Bush's HSA proposal is a wedding cake of tax credits piled on top of

tax deductions. And unprecedented in the annals of tax breaks, this

one would tax neither the earnings going into the accounts nor the

withdrawals coming out. This is unlike 401(k) plans, where people

contribute pretax dollars into accounts but pay taxes on the money

they withdraw.

 

If you thought that the people most in need of help buying health

coverage were the working poor, you haven't been hanging around

administration circles.
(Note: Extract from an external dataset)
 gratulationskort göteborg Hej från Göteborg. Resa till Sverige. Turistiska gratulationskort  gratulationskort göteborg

The Bush plan would raise the amount that

could be contributed into an HSA to $10,000 a year, a sum even most

middle-class families don't have lying around.

 

" This is not about health care anymore, " notes Jason Furman, senior

fellow at the Center on Budget and Policy Priorities. " It's an excuse

for allowing people to put $10,000 away tax-free. "

 

The center figures that for a family making $180,000, a $1,000

contribution into an HSA would reap a $433 tax subsidy. If that family

makes $15,000, the subsidy would total only $153 — and that's assuming

that a tax credit is made refundable. Otherwise, it would be zero.

 

Demonically, the Bush proposal gives employers new reasons not to

offer traditional health coverage, or any medical benefits at all.
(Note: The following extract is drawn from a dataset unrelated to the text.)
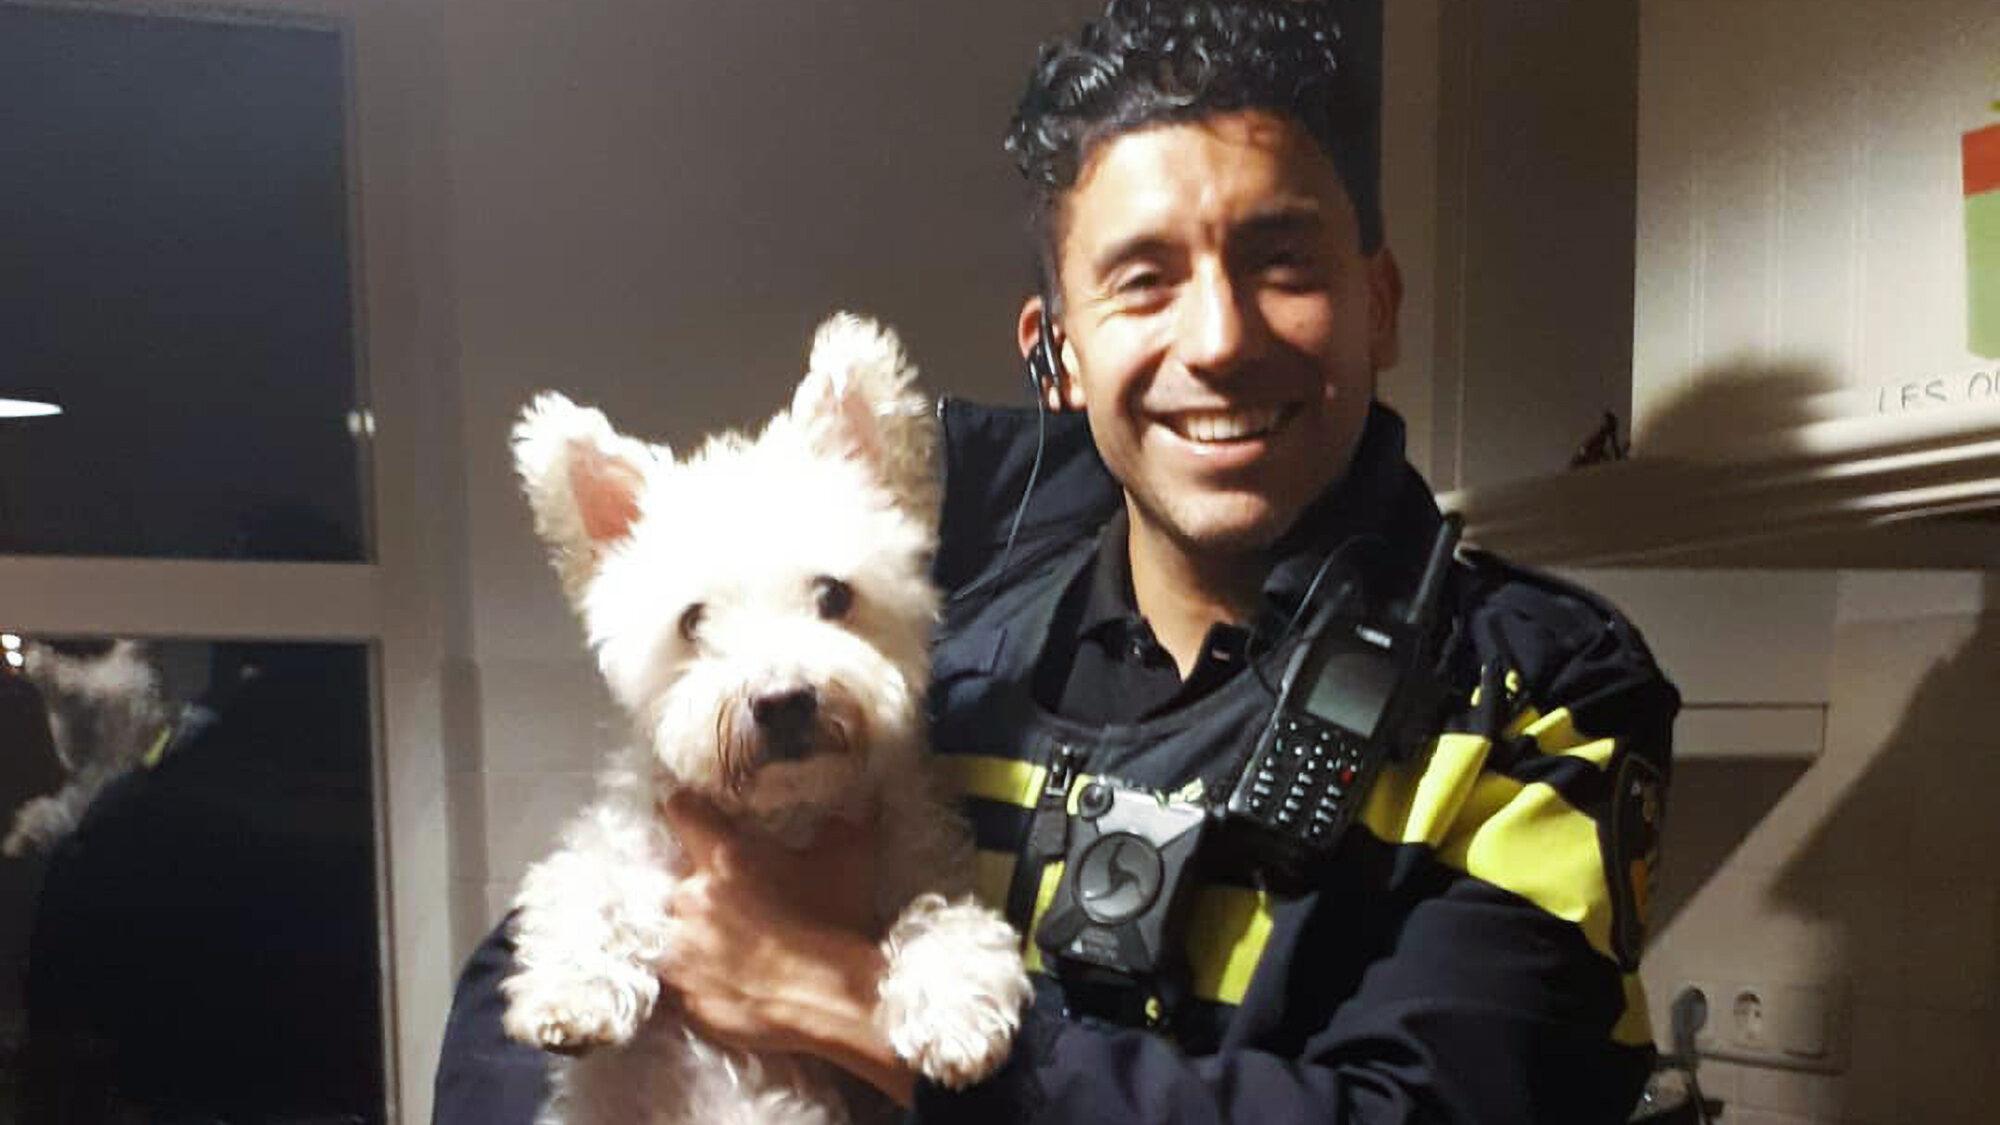 Baggin' Bad Guys: Dog Named Frodo Helps Police Catch 3 Burglars

Indeed, the new health savings accounts could do to the traditional

health plan what the 401(k) plan did to the traditional pension: Kill

it off.

 

Like 401(k)s, the proposed HSAs could save money for employers while

transferring the cost and risk of providing what was once an expected

benefit onto the workers. The move from traditional pensions to 401(k)

plans has already amounted to a major hidden pay cut for millions of

American workers.

 

Under the Bush plan, small businesses would have new reasons not to

offer employees coverage. Big companies can still get good deals by

buying insurance in bulk. But because the Bush plan would end the tax

advantages of purchasing employer-based coverage over buying insurance

in the individual market, small businesses might just opt out of the

whole health-benefit thing. The boss and other top-earning people,

meanwhile, could retreat to their own HSA tax shelters.

 

Health savings accounts would be most attractive to the healthy and

wealthy, drawing this group out of traditional coverage. That would

leave the sick and poor in the higher-cost insurance plans, which

would then sink.

 

So the Bush proposal would actually cause more Americans to lose

coverage than to gain it. In 2004, MIT economist Jonathan Gruber

computed the numbers on the basis of a health savings account proposal

that was far more modest than Bush's. He figured that adding a tax

deduction for buying high-deductible health insurance to the

tax-advantaged HSA would result in 1.1 million currently uninsured

people obtaining coverage. These would be mostly the richer folks who

are uninsured for some reason and who make enough money to fully enjoy

the tax breaks. But the changes would lead to 1.4 million people

losing their employer coverage. Guess who they would be.

 

Harrop is a nationally synidcated columnist based in Providence, R.I.